Computer virtualization is a technique that involves encapsulating a physical computing machine platform into a virtual machine that is executed under the control of virtualization software running on a hardware computing platform, or “host.” A virtual machine has both virtual system hardware and guest operating system software. Virtual system hardware typically includes at least one “virtual disk,” a single file or a set of files that appear as a typical storage drive to the guest operating system. The virtual disk may be stored on the host platform or on a remote storage device. Typically, a virtual machine (VM) uses the virtual disk in the same manner that a physical storage drive is used, to store the guest operating system, application programs, and application data.

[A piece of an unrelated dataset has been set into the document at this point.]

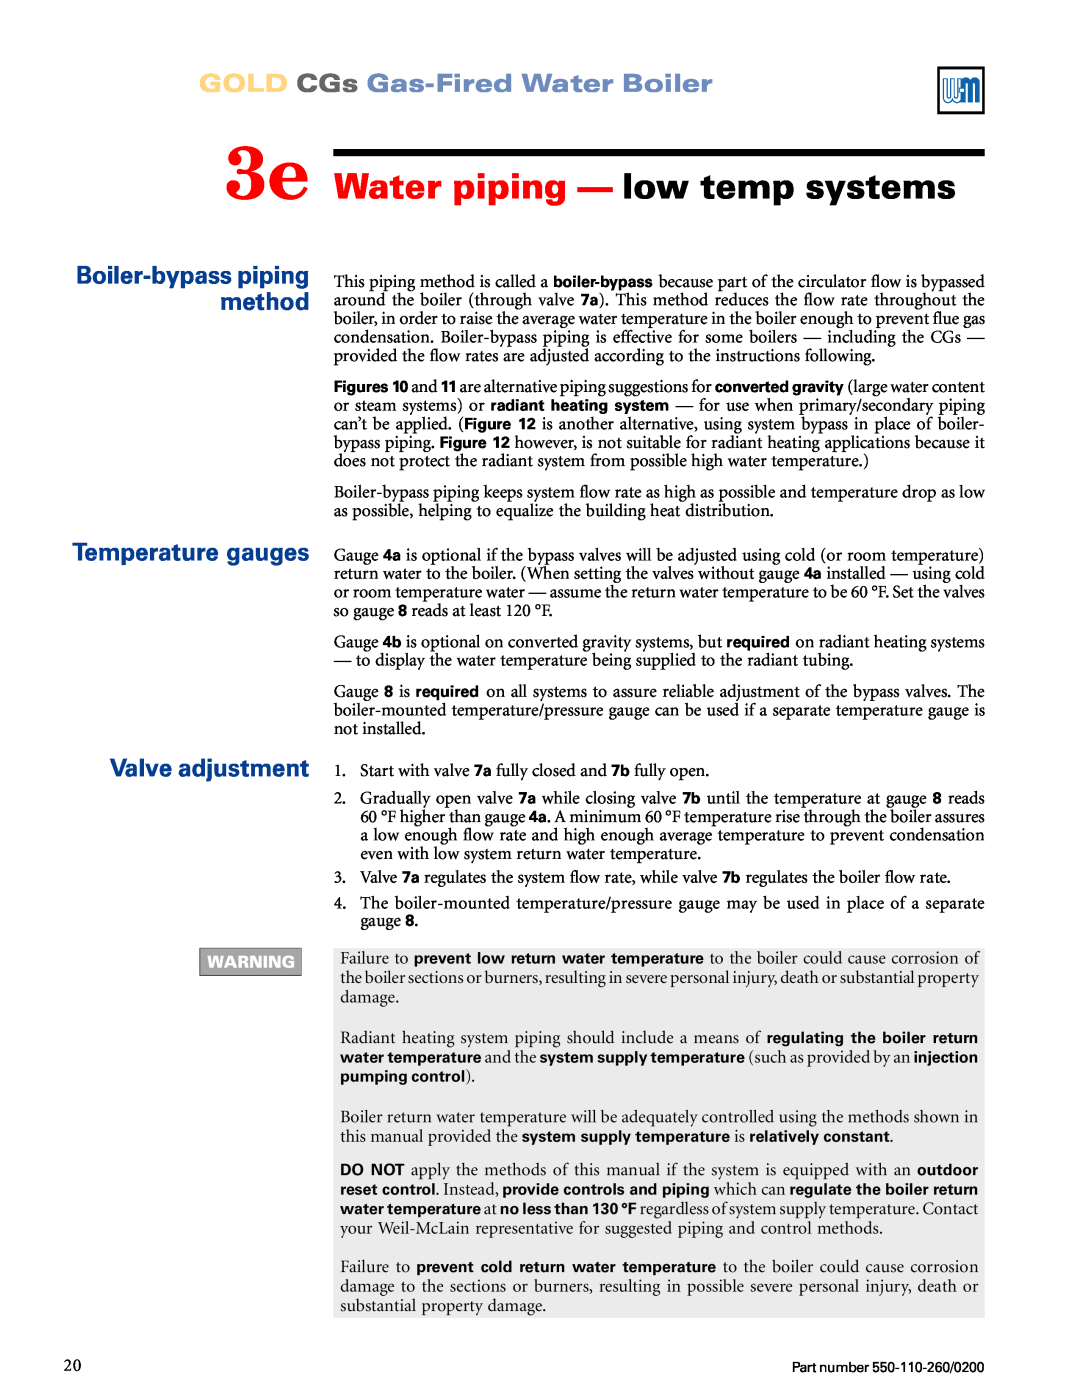 Weil-McLain 550-110-260/02002 manual 3e Water piping - low temp systems, GOLD CGs Gas-FiredWater Boiler 
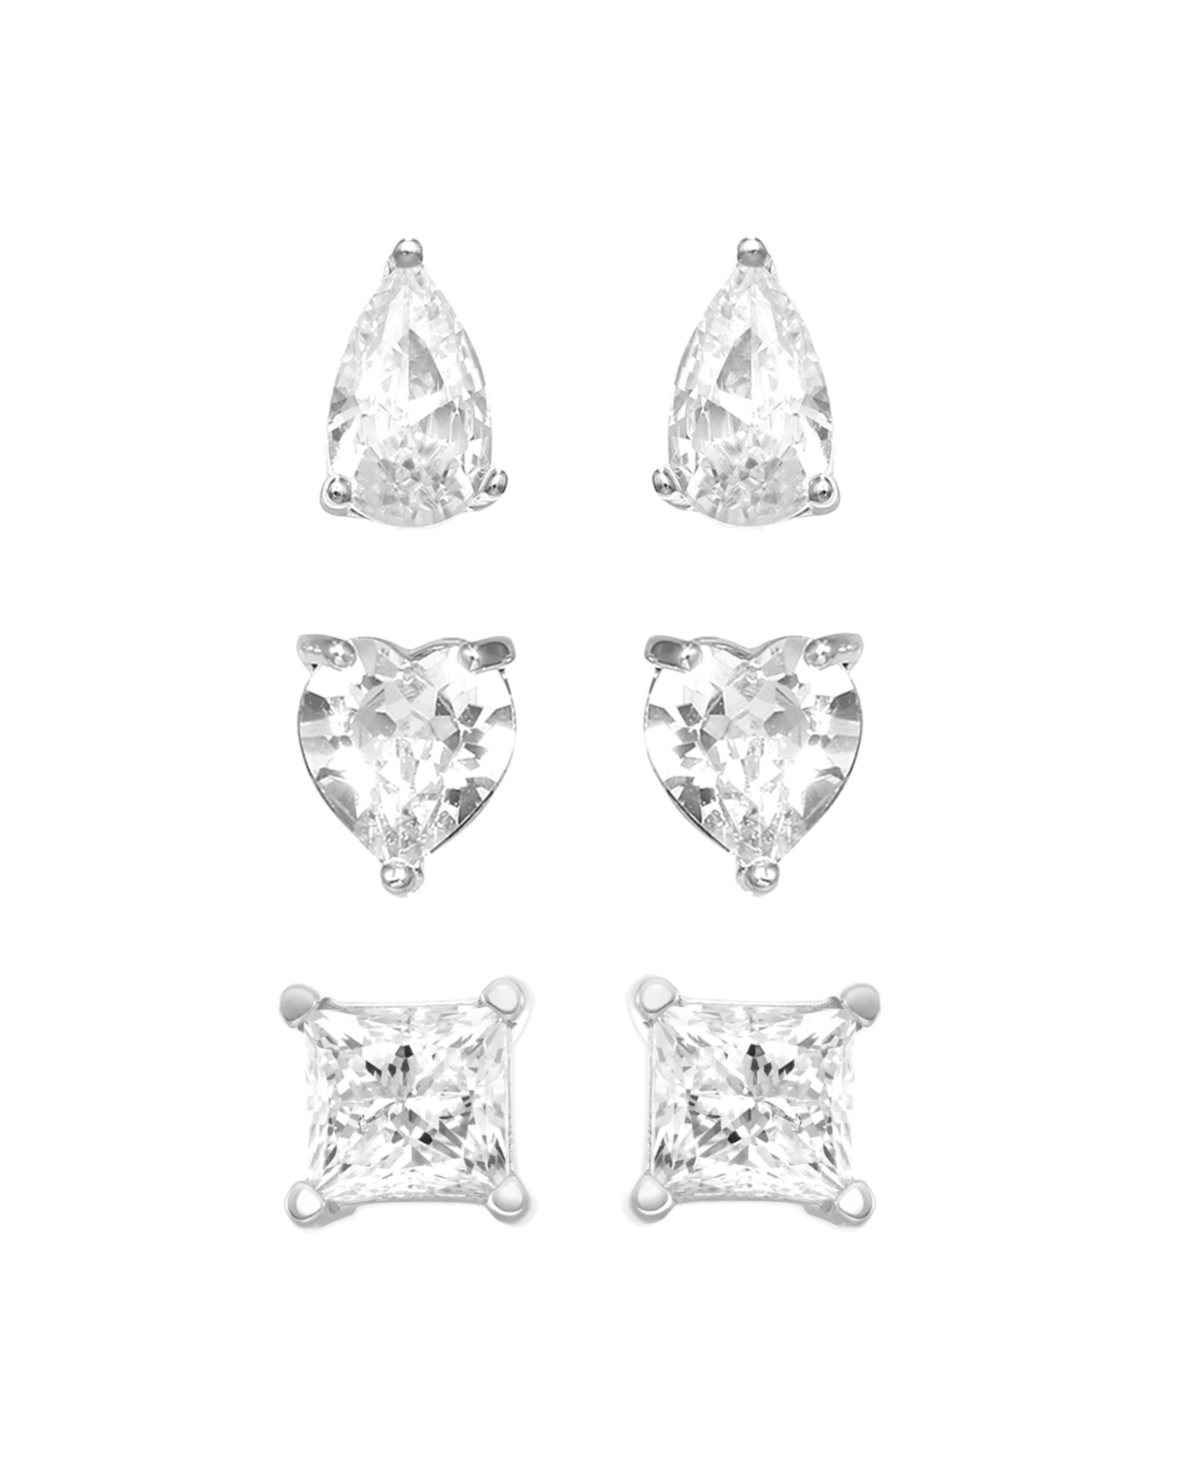 3pc Set Cubic Zirconia Stud Earrings Silver Plated - Silver

The virtualization software, also referred to as a hypervisor, manages the guest operating system's access to the virtual disk and maps the virtual disk to the underlying physical storage resources that reside on the host platform or in a remote storage device, such as a storage area network (SAN) or network attached storage (NAS). Because multiple virtual machines can be instantiated on a single host, allocating physical storage space for virtual disks corresponding to every instantiated virtual machine in an organization's data center can stress the physical storage space capacity of the data center. For example, when provisioning a virtual disk for a virtual machine, the virtualization software may allocate all the physical disk space for the virtual disk at the time the virtual disk is initially created, sometimes creating a number of empty data blocks containing only zeros (“zero blocks”). However, such an allocation may result in storage inefficiencies because the physical storage space allocated for the virtual disk may not be timely used (or ever used) by the virtual machine. In one solution, known as “thin provisioning,” the virtualization software dynamically allocates physical storage space to a virtual disk only when such physical storage space is actually needed by the virtual machine and not necessarily when the virtual disk is initially created.
In a similar manner, thin provisioning may be implemented as a storage space optimization technology in the underlying storage hardware, e.g., storage array, which may include an array of rotating disks or solid state disks as the physical storage media. In such cases, a storage system controller that manages the physical storage media and exposes them as logical data storage units, referred to as logical unit numbers (LUNs), to the host, thinly provisions the LUNs. That is, the storage system controller dynamically allocates physical storage space to the LUNs only when such physical storage space is actually needed by the LUNs and not necessarily when the LUNs are initially created. As a result, when the LUNs are initially created, the logical size of each of the LUNs is typically much greater than its physical size.
However, even with the use of thinly-provisioned virtual disks and thinly-provisioned LUNs, storage inefficiencies may be caused by an accumulation of “stale” data, i.e., disk blocks that were previously used and are currently unused but remain allocated. For example, deletion of a file, such as a temporary file or a swap file used by the hypervisor while supporting virtual machines, does not generally result in a release of the actual data blocks corresponding to the files. In addition, after migration of one or more virtual disks associated with a virtual machine, known as Storage vMotion™, is carried out, a set of files corresponding to the virtual disks is deleted by the hypervisor in response to an unlink command issued by a virtual machine management server. The deletion of these files does not necessarily result in a release of the actual data blocks corresponding to these files. This behavior can result in storage inefficiencies because such “stale” portions of the LUN are not utilized. U.S. patent application Ser. No. 13/181,153, filed Jul. 12, 2011, the entire contents of which are incorporated by reference herein, describes a technique that employs unmap commands to reclaim data blocks of “stale” data and continue to maintain the benefits of thin provisioning. However, the overhead associated with the execution of unmap operation in the storage system often offsets the benefits gained by the unmap operation.